Activity: Each line of the listing must be transcribed exactly, except for the images, which should be excluded.

Information shown:
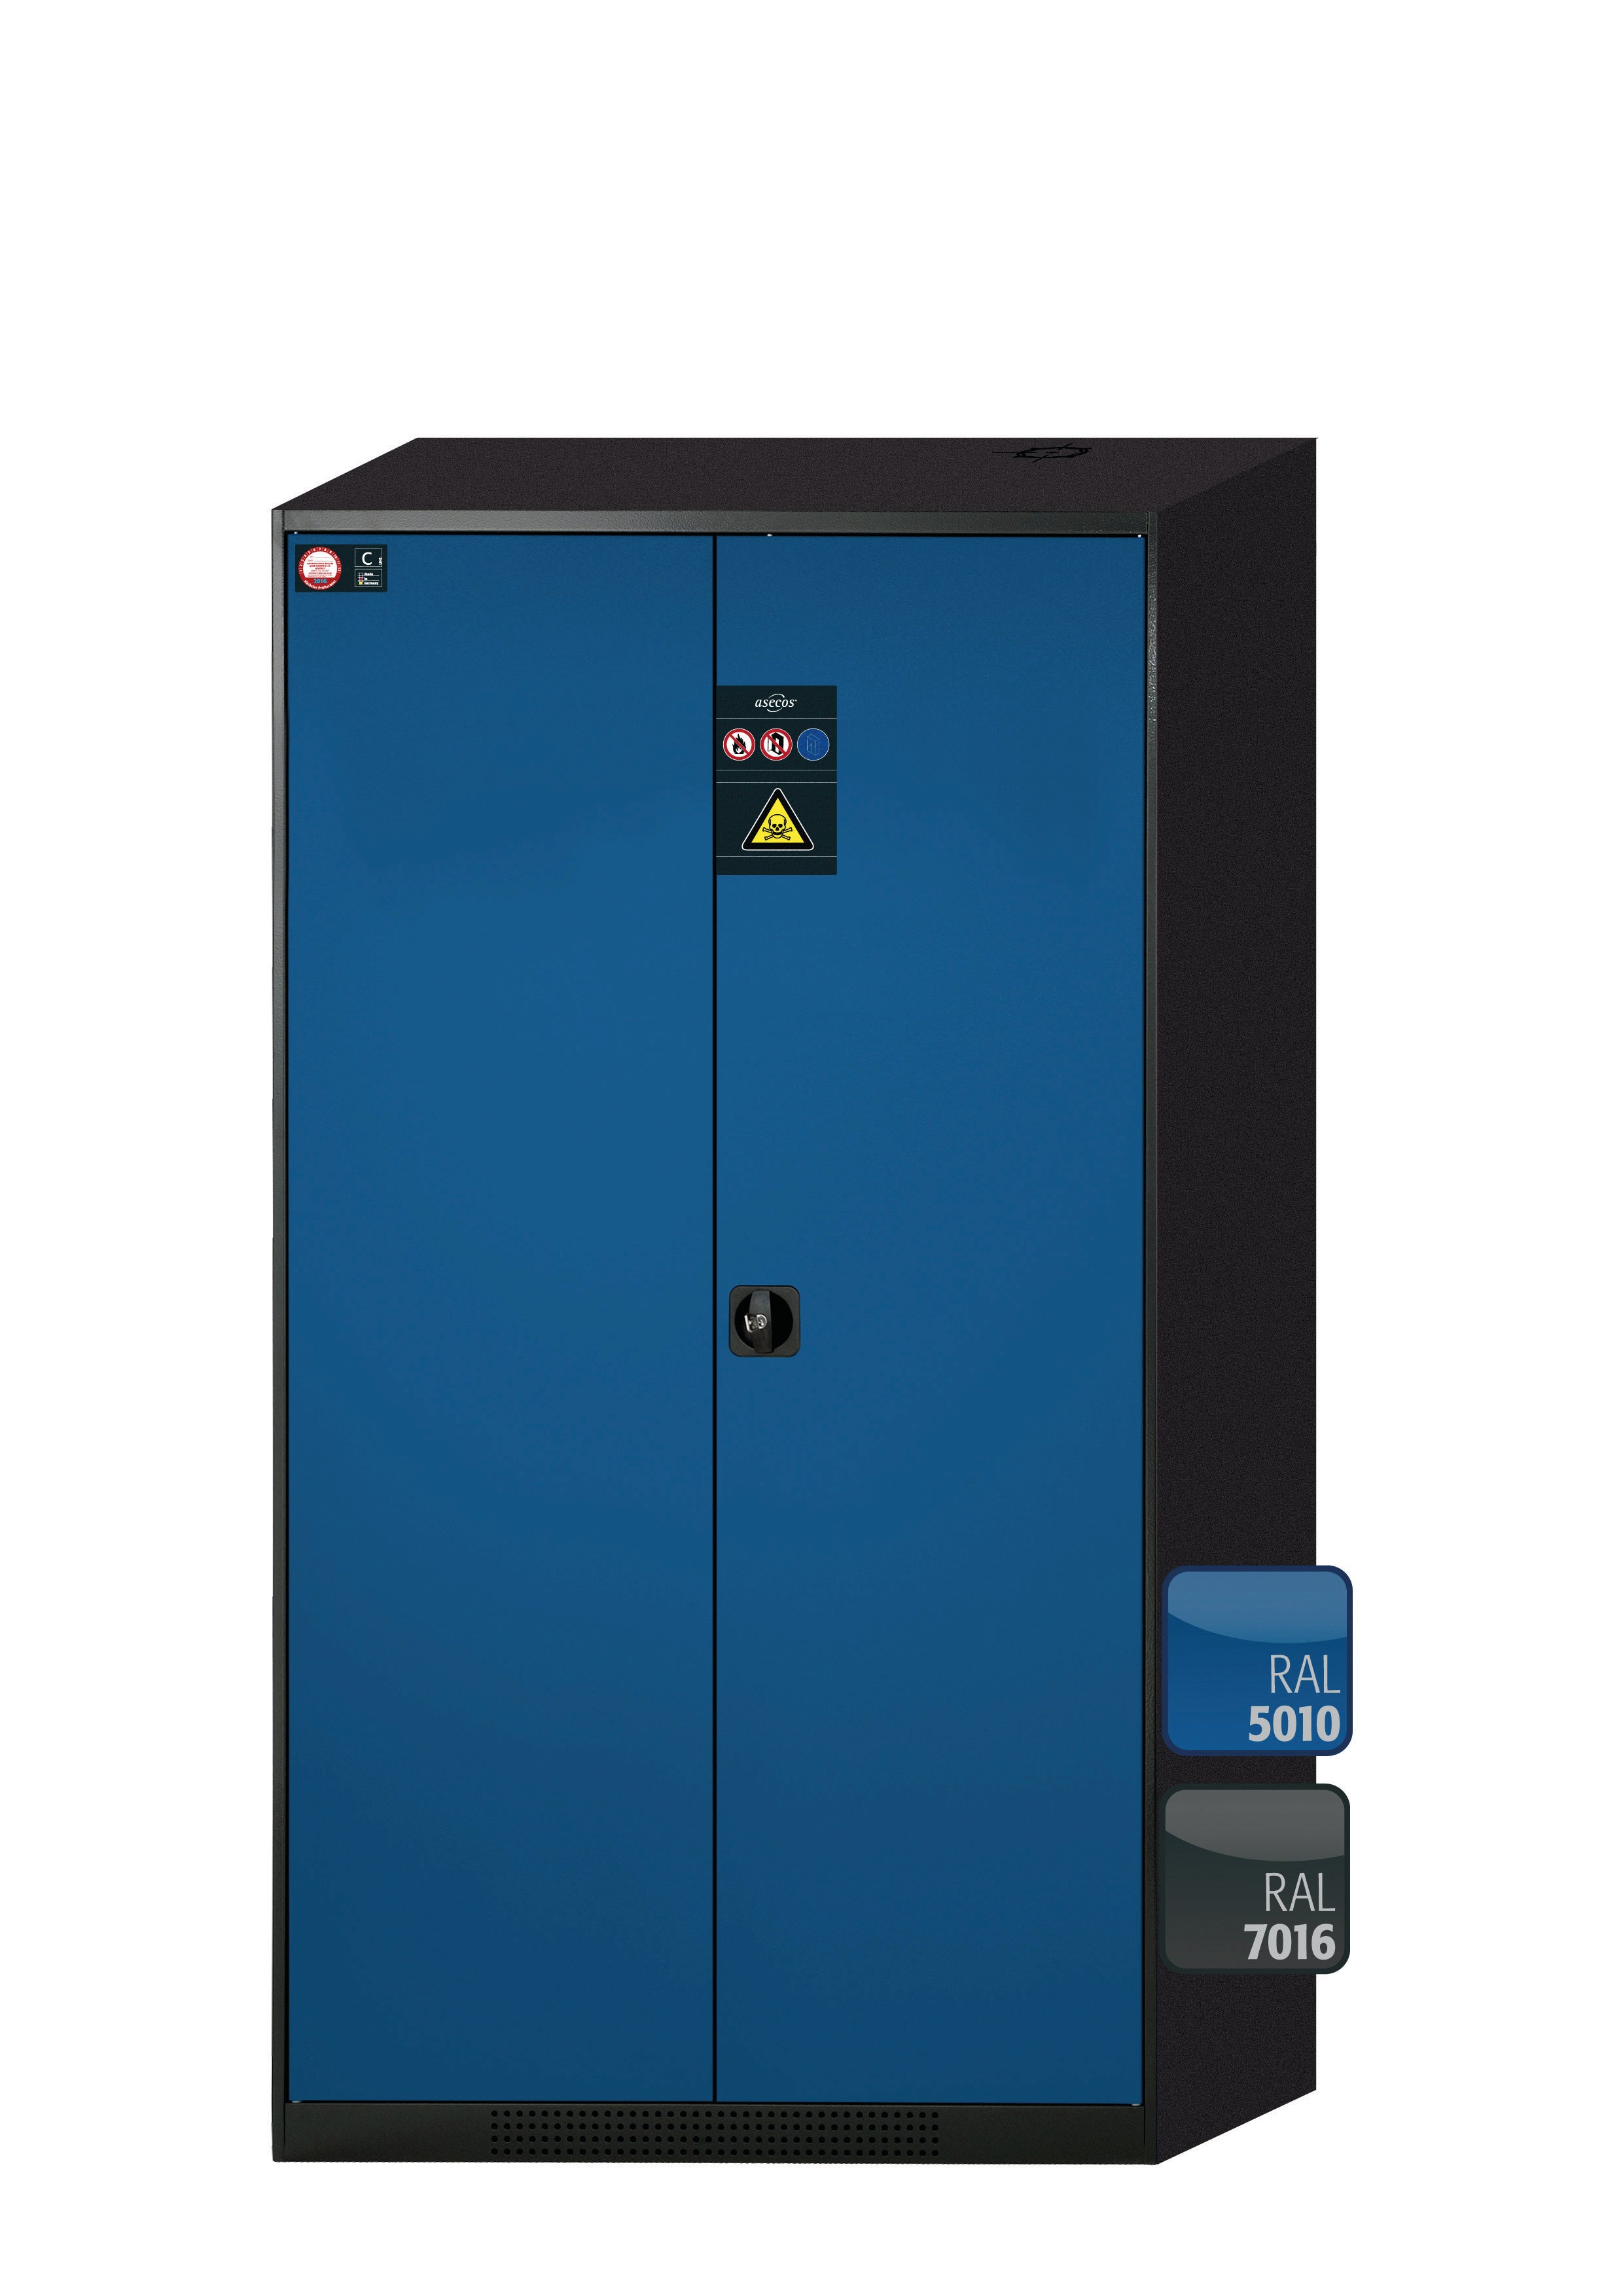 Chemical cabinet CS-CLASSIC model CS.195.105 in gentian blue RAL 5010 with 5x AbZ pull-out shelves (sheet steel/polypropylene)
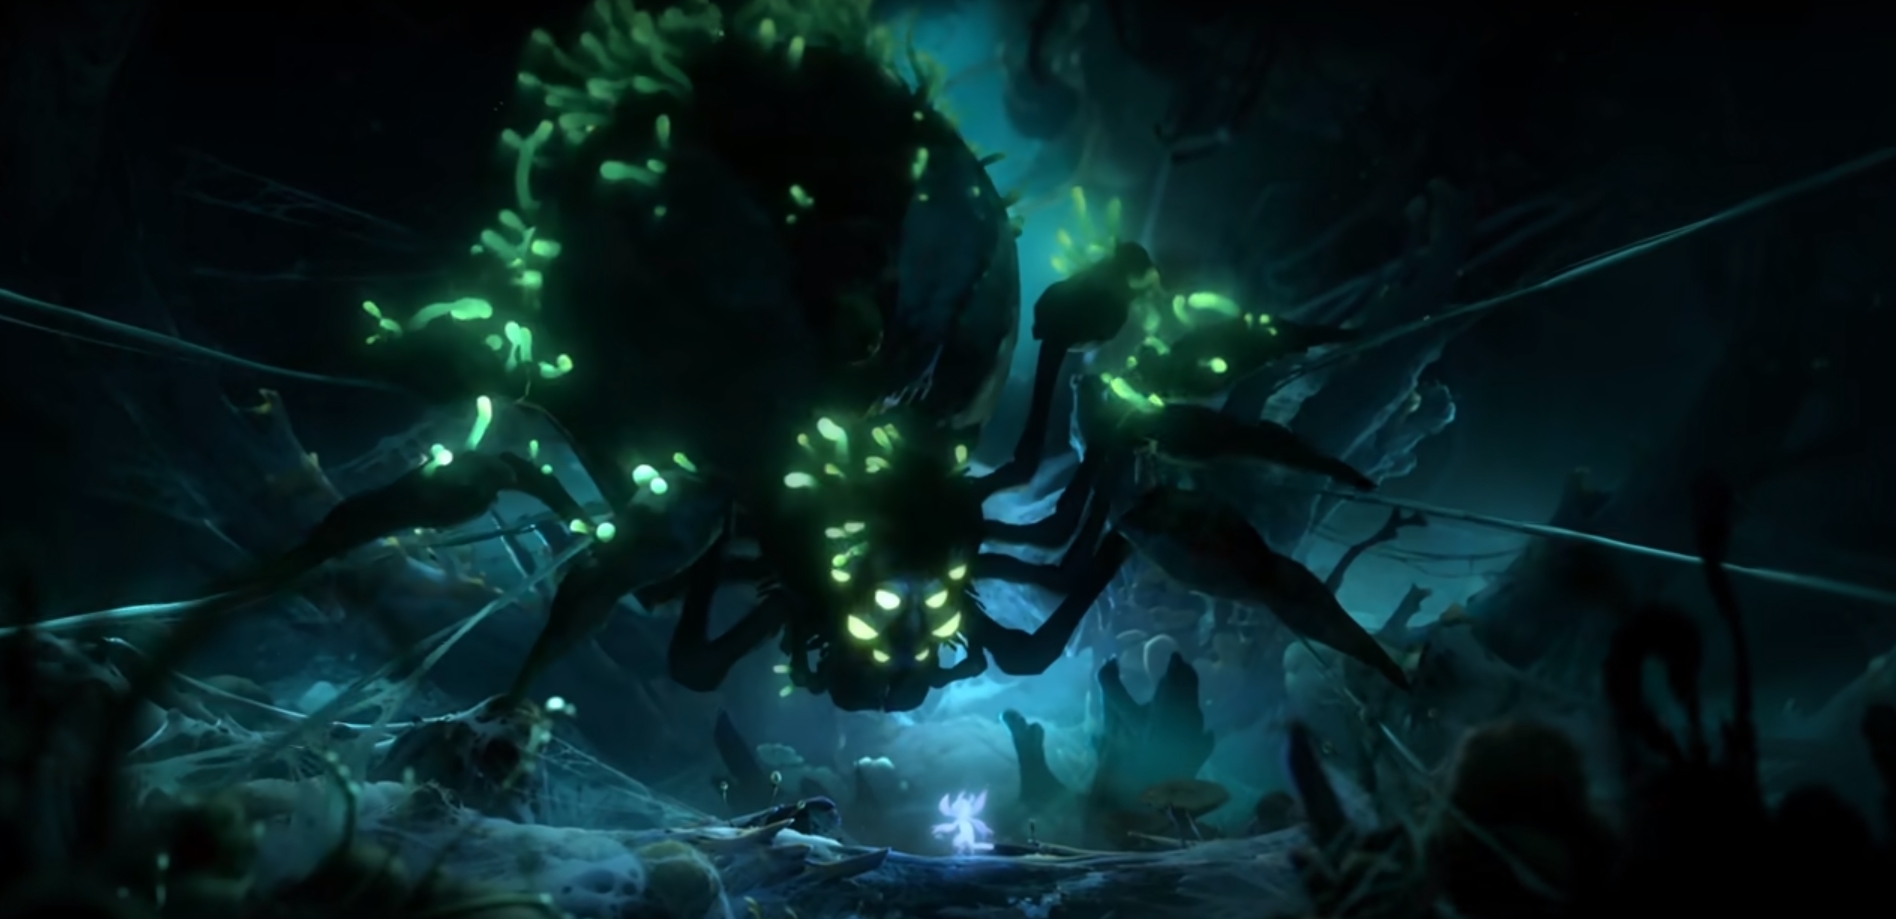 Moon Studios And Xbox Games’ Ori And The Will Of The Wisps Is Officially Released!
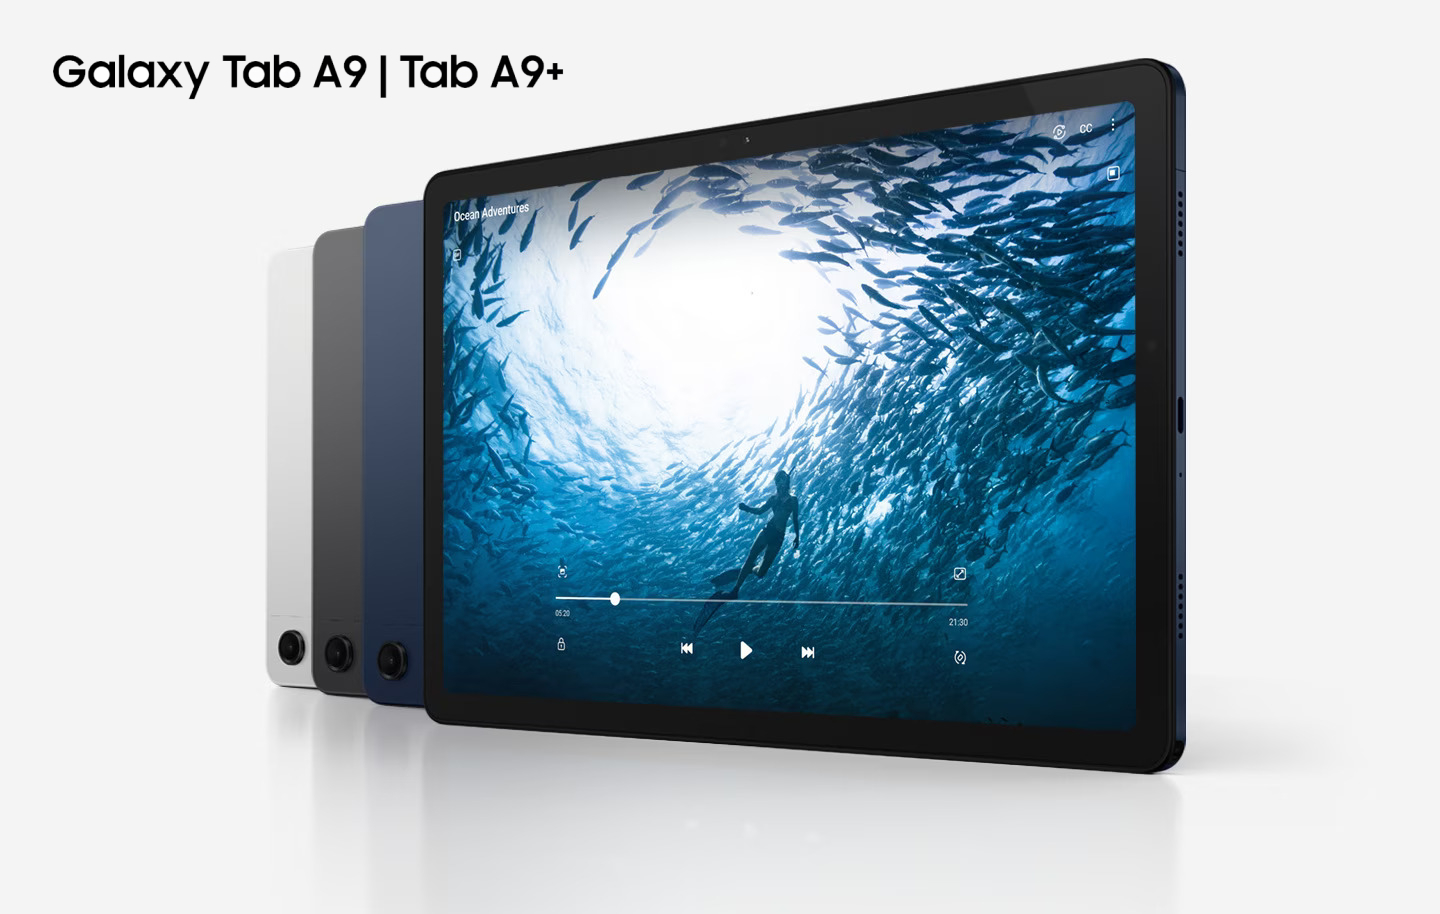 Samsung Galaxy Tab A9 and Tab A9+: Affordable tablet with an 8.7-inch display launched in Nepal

Response for this exercise:
 Chemical cabinet CS-CLASSIC model CS.195.105 in gentian blue RAL 5010 with 5x AbZ pull-out shelves (sheet steel/polypropylene)
 Moon Studios And Xbox Games’ Ori And The Will Of The Wisps Is Officially Released!
 Samsung Galaxy Tab A9 and Tab A9+: Affordable tablet with an 8.7-inch display launched in Nepal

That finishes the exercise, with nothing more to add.